# Singlespeed gearing on your tandem?



## NEPMTBA (Apr 7, 2007)

Anyone running SSer on your tandem?

Experiences?


----------



## mhopton (Nov 27, 2005)

Man...I can't even imagine that! I'm usually looking for a lower gear!

Sent from my SCH-I535 using Tapatalk 2


----------



## Okayfine (Sep 7, 2010)

A couple of bikes have been posted in SS form. I'm not sure any of the riders regularly post here.









I believe ^that team rides out of Bend, and obviously are animals:thumbsup:


----------



## ebnelson (Oct 30, 2006)

Bend is probably one of the few places that would be "OK" on a single speed tandem since the Phil's trails are generally gentle climb/descent type trails that roll along nicely.

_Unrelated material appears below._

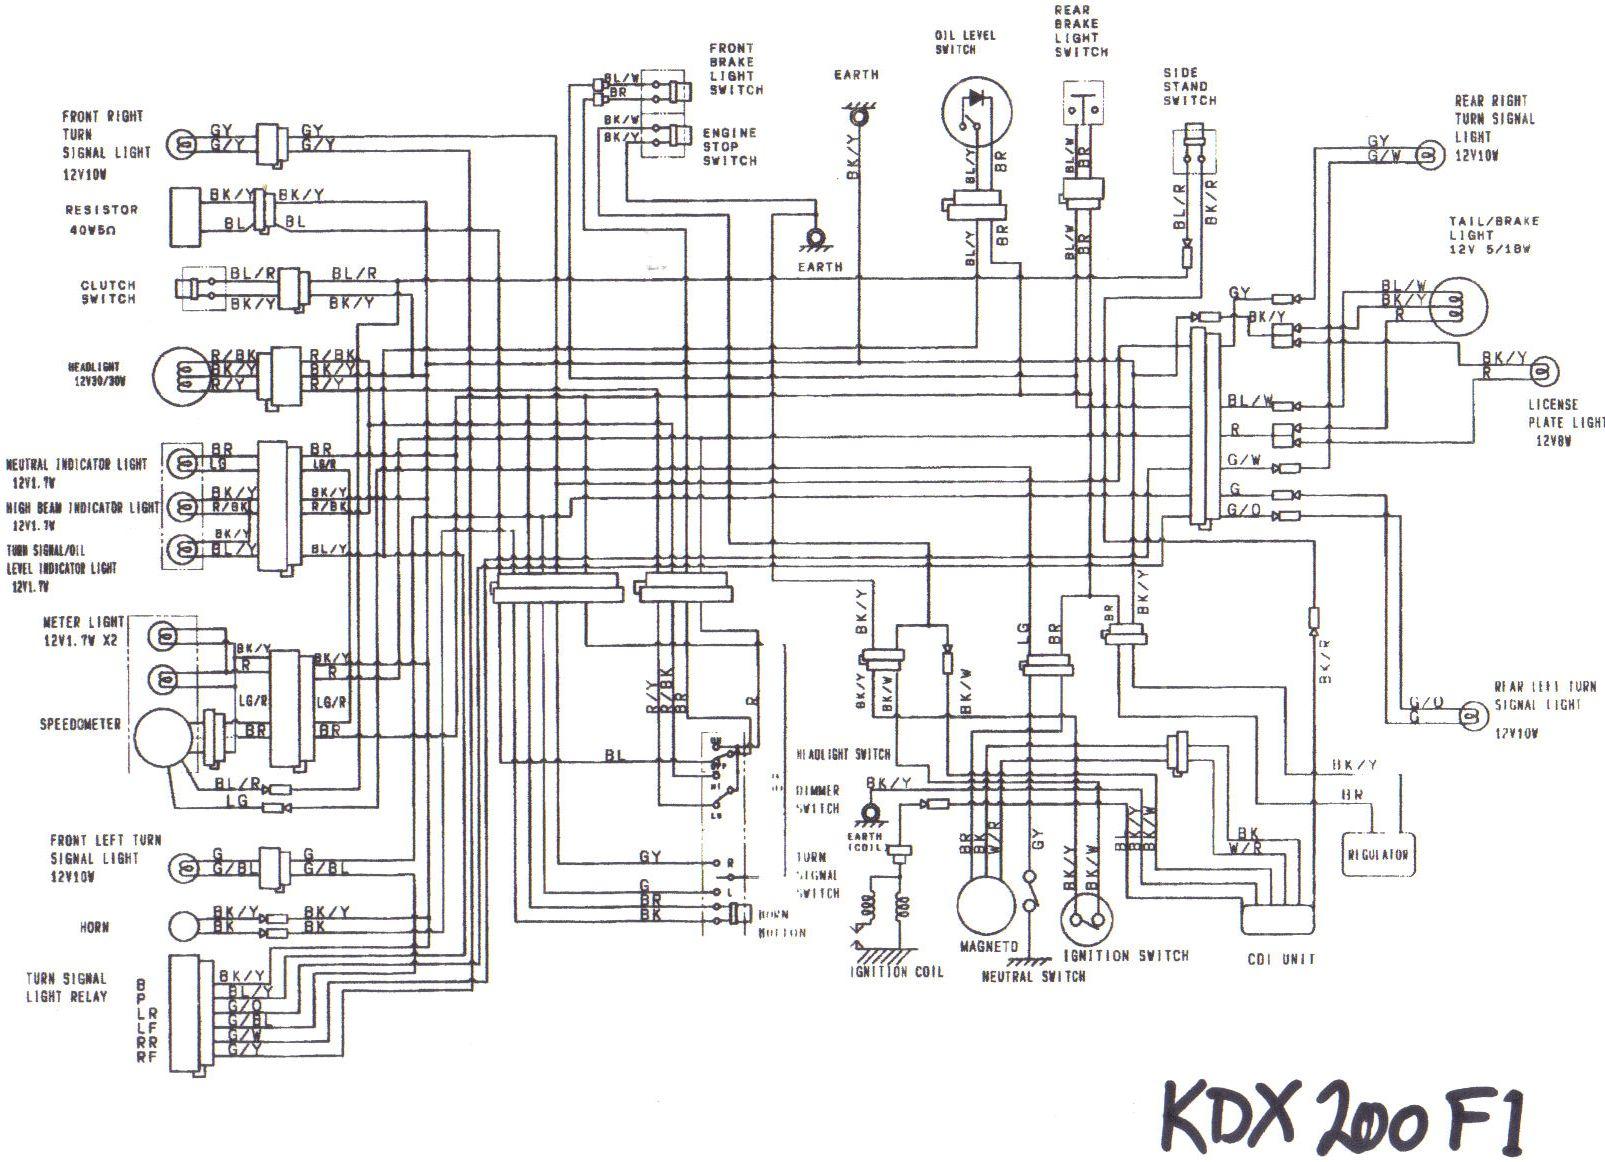 Wiring Diagram Panasonic Cq C7301U The Wiring Diagram – Kawasaki 200 Wiring Diagram

I'm going to convert our bike to an XX1 type drive train eventually. It will require a 142x12mm rear end from Ventana.


----------



## NEPMTBA (Apr 7, 2007)

^this is a very cool idea!


----------



## Hurricane Jeff (Jan 1, 2006)

Back in 1999, we raced the "Singlespeed World Championships" in Rancho Cucamonga, Ca. on our Ventana tandem that we converted to SS the night before. We used a 32-22 combo which proved to be a little tough considering the courses 5000'+ of climbing, we still won beating 5 other tandems....no tatoos or rainbow stripes though.


----------



## mactweek (Oct 3, 2011)

I think I would have to put the 22 in front and 32 on the cassette, but I am old and slow.
Seriously, as quick as a tandem loses momentum the 1x11 might be a good solution, especially with a grip shift where you can dump gears quickly.


----------



## ashpioletrev (Dec 6, 2005)

We regularly ride our Fandango 29'r SS. Yes we do live in Bend with gentle climbs. We still start at 3600' and climb over 6900/7000. Our gear choice is 32/20. Together my girl,bike and I weigh in at 300#. 40 for the bike 120 for her(I know I should let it be known) and my self at 140. It has it's tough moments but it has been very rewarding. She would rather ride that then her New Juliana Joplin. It shows her what a bike and set of balls can do. She is a much better rider now.


----------